I encountered this problem as well with a camera that actually shoots video in wide-screen (FCE would compact it giving it a "stilted" look); which was one of two problems I had when I first started to use FCE (yesterday), both of which I solved with iMovie. The first, which I shall briefly mention, is that my camcorder interfaces with USB, not Firewire, so I had to import the movie clips from my camcorder with iMovie (ver. 7.1.4). iMovie preserves the 16:9 aspect ratio if one tells it to.
At first, I used the files iMovie would make for its own use (the files in the "Event Library"). FCE would import these, but it would squash them into 4:3 every time. After looking around on the internet--including this thread--I did more experimenting.

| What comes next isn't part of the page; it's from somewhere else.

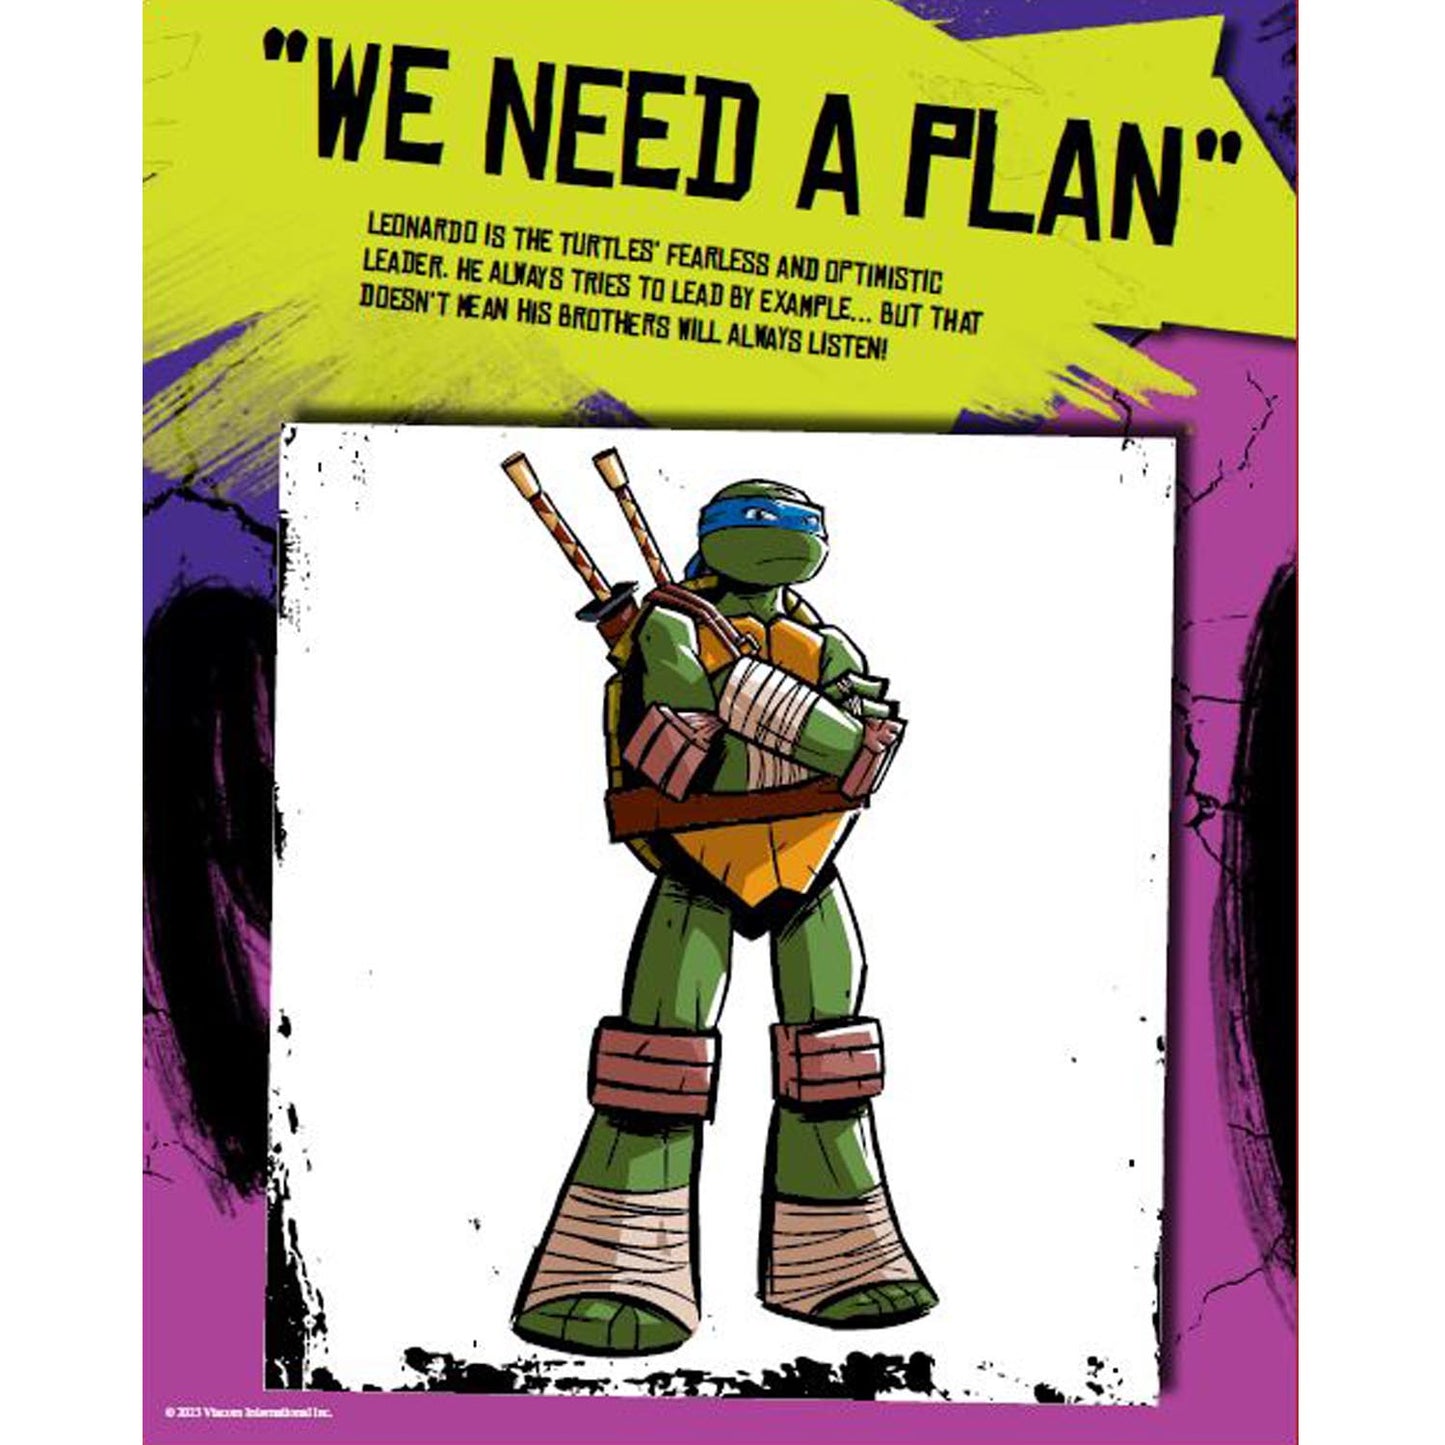 Teenage Mutant Ninja Turtles Copy colouring | Colouring book | Turtles books | TMNT | Copy Colouring Books

I noticed that if I imported a movie that was exported as a wide-screen Quicktime movie (such as the graduation video I made for my cousin using iMovie), FCE would rightly treat it as a wide-screen video. What this means is, if you import your clips from your camcorder into an event, collect all the clips you want to edit into an iMovie project, then export the project "using Quicktime", you can then import that with FCE and edit it in wide-screen format.

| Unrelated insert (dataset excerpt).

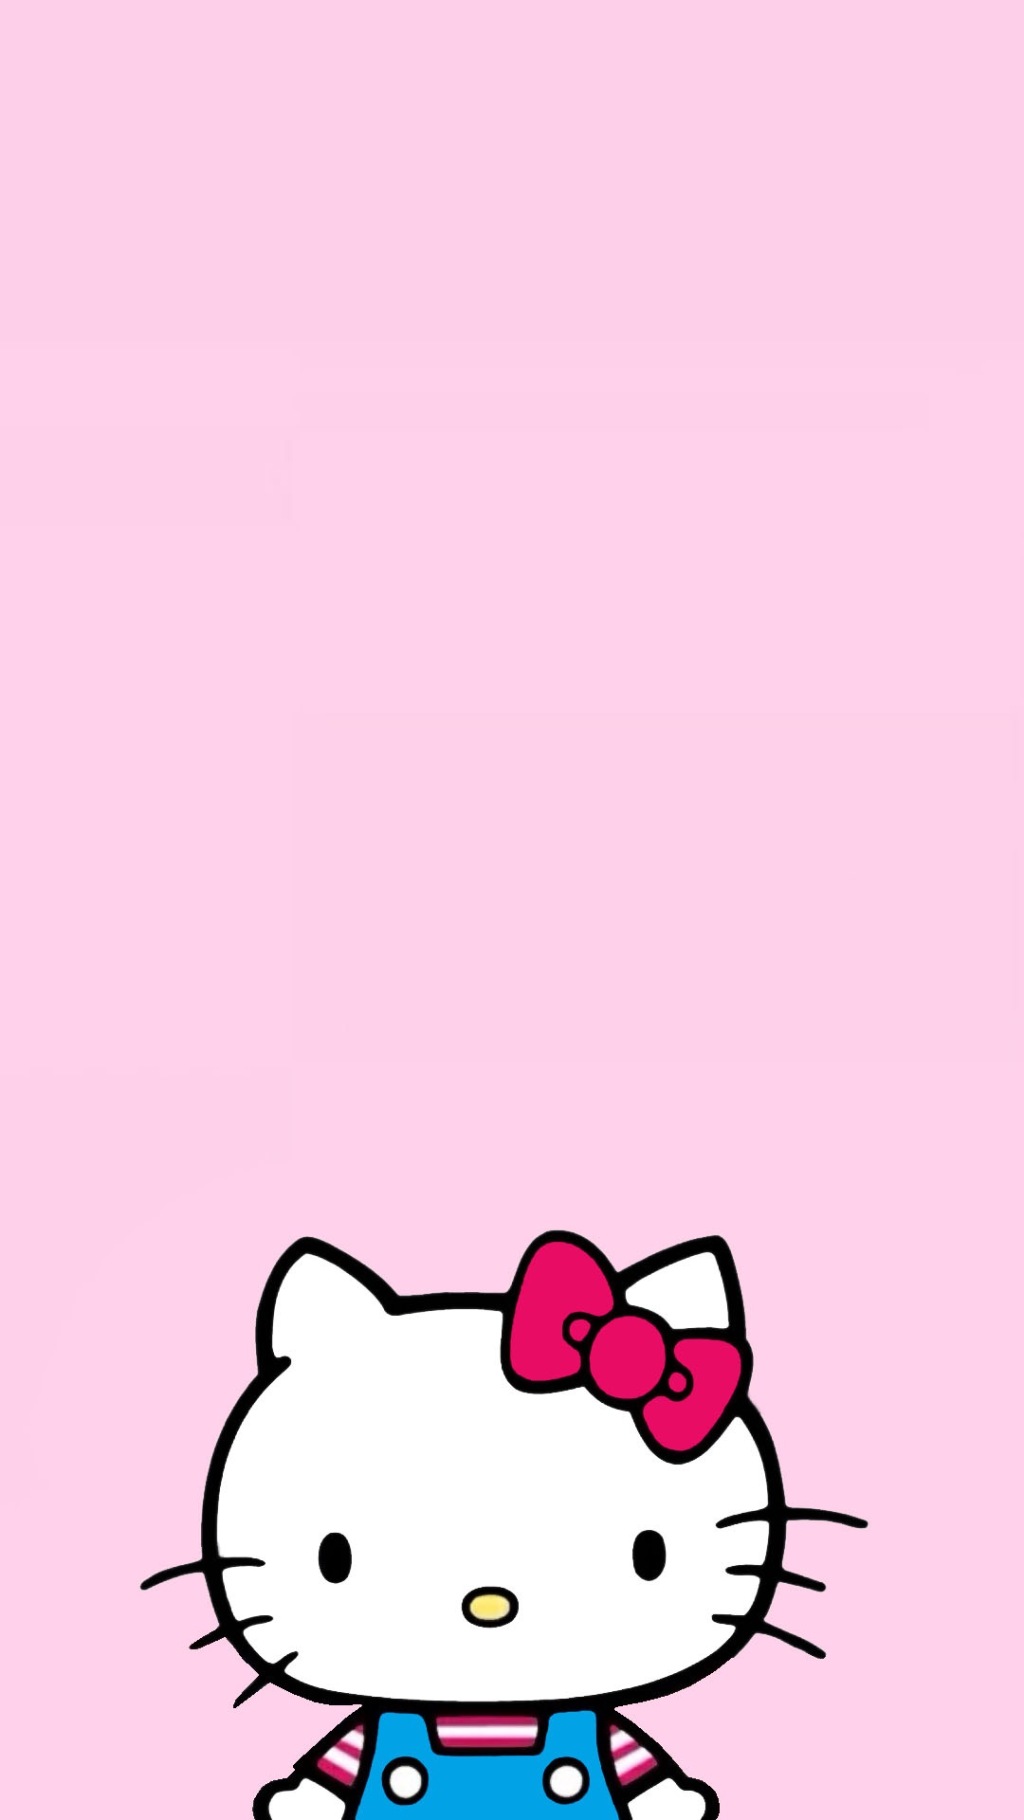 Hello Kitty手机壁纸粉色可爱hellokitty手机主题壁纸 手机壁纸 优美图

The manner in which you export it depends on how fast your computer is or how much time you have: on my 3.06 GHz (Intel core duo) iMac, it took 2 and a half hours to export a 13 minute video (16:9, standard def.) in an uncompressed Quicktime movie with the quality settings the highest. Determine which file format is right for you if you do not quite have the time to enjoy every clip in its uncompressed, no-loss format.